I am in my final days of K-12 education and it is a very weird feeling. I have enjoyed the journey very much and I have really tried to make the most out of it. I mean even the character progression I has throughout the four years of high school have been very important. I went into high school not really knowing who I was or what I wanted and I am leaving high school with a much better understanding of that. Every person I have interacted with, all have taught me a lesson. Some of those lessons are an example of an aspect of them I want to try and emulate and others provide an example of exactly what I don't want to do. When it comes down to it, that's the true value in school. It's not that I haven't become a better academic, because I have. But the social lessons and even lessons learned through playing sports and other extracurriculars are vital to understanding yourself as well as others around you.
For instance, I feel like I learned more about the functions of government through doing Student Council more than I did in AP Government. I began to understand the complicated process of bureaucracy and that even if you feel like you have the best and most sensible idea, you have to work and compromise with others. It was a hard lesson to learn that others won't always be able to see the value in your perspective, but learning how to show that value to others and also how to compromise when people disagree was something that I feel like I can apply to the rest of my adult life.

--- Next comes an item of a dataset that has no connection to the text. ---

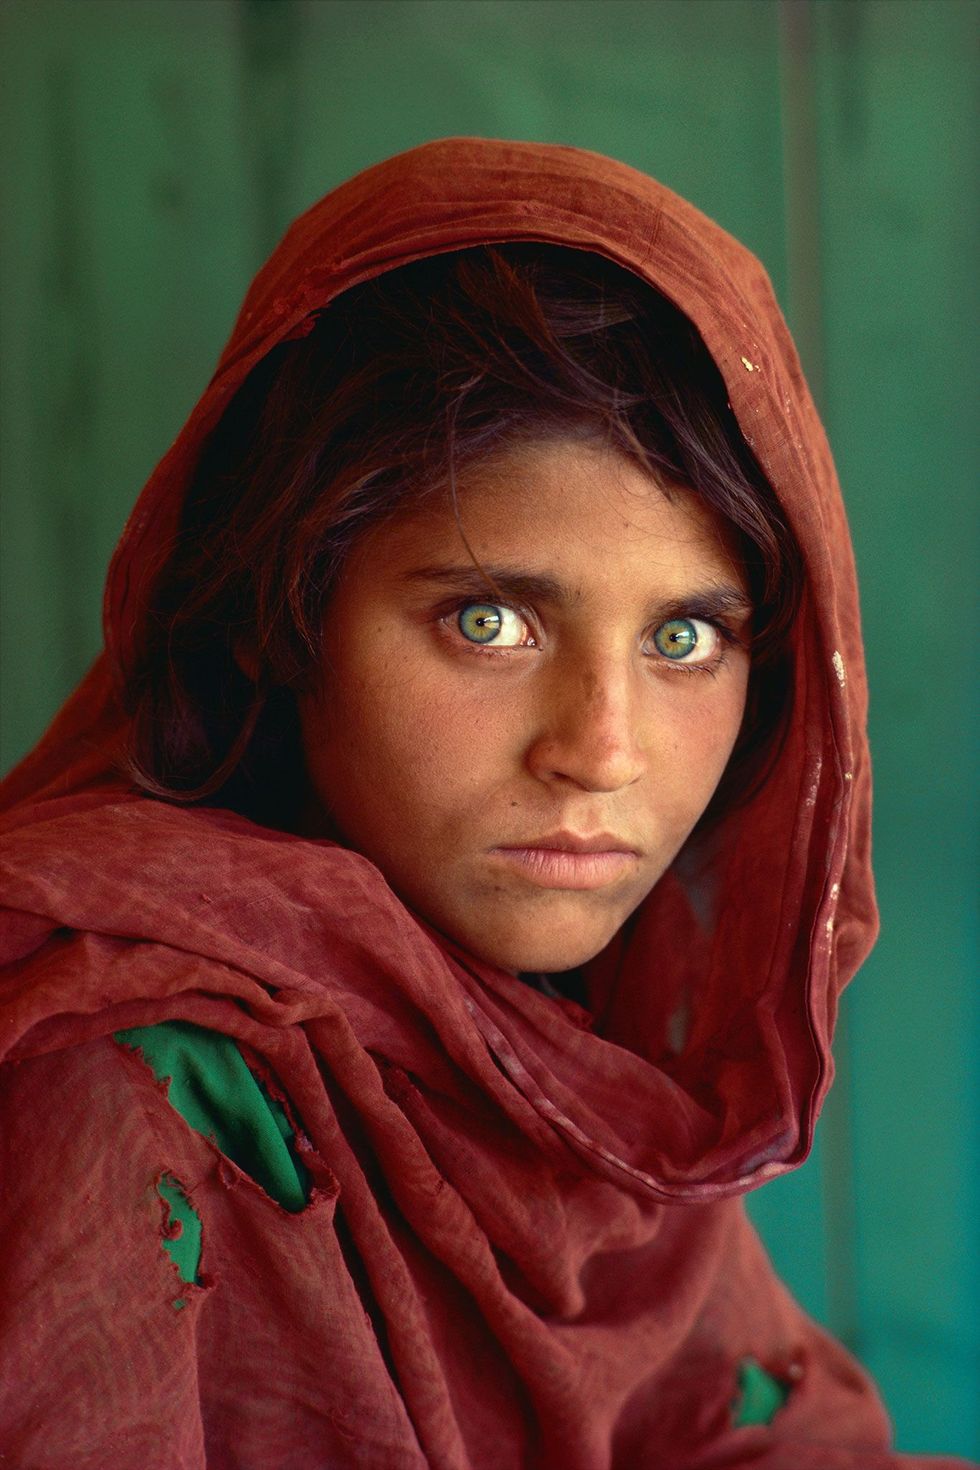 Het portret van Sharbat Gul een Afghaanse vluchteling met de mysterieuze ogen stond op de cover van National Geographic in 1985 waarna het jarenlang in harten gegraveerd stond

The thing is though, that high school is both of these kinds of learning, and they do go hand in hand. Even in this example, I was able to see the different types of government I was learning about in AP Gov come into play, when we were voting on things and seeing the process of how decisions were made. This demonstrates an issue in that school can give you all the information, but it is thinking about and applying that information that demonstrates its value, and most people (including myself in a lot of ways) never give themselves a chance to use what they learned or forget about it before they do.
Just like anything else, your education is what you make of it. (Notice how it is make and not made, because education is a life-long journey) In my life, I am trying to leave high school and not forget any of what I learned, whether it was in the classroom or playing sports or in my relationships with others. If I can use what I have learned and apply it to the rest of my life and expound upon those lessons in college, I will be a better man because of it.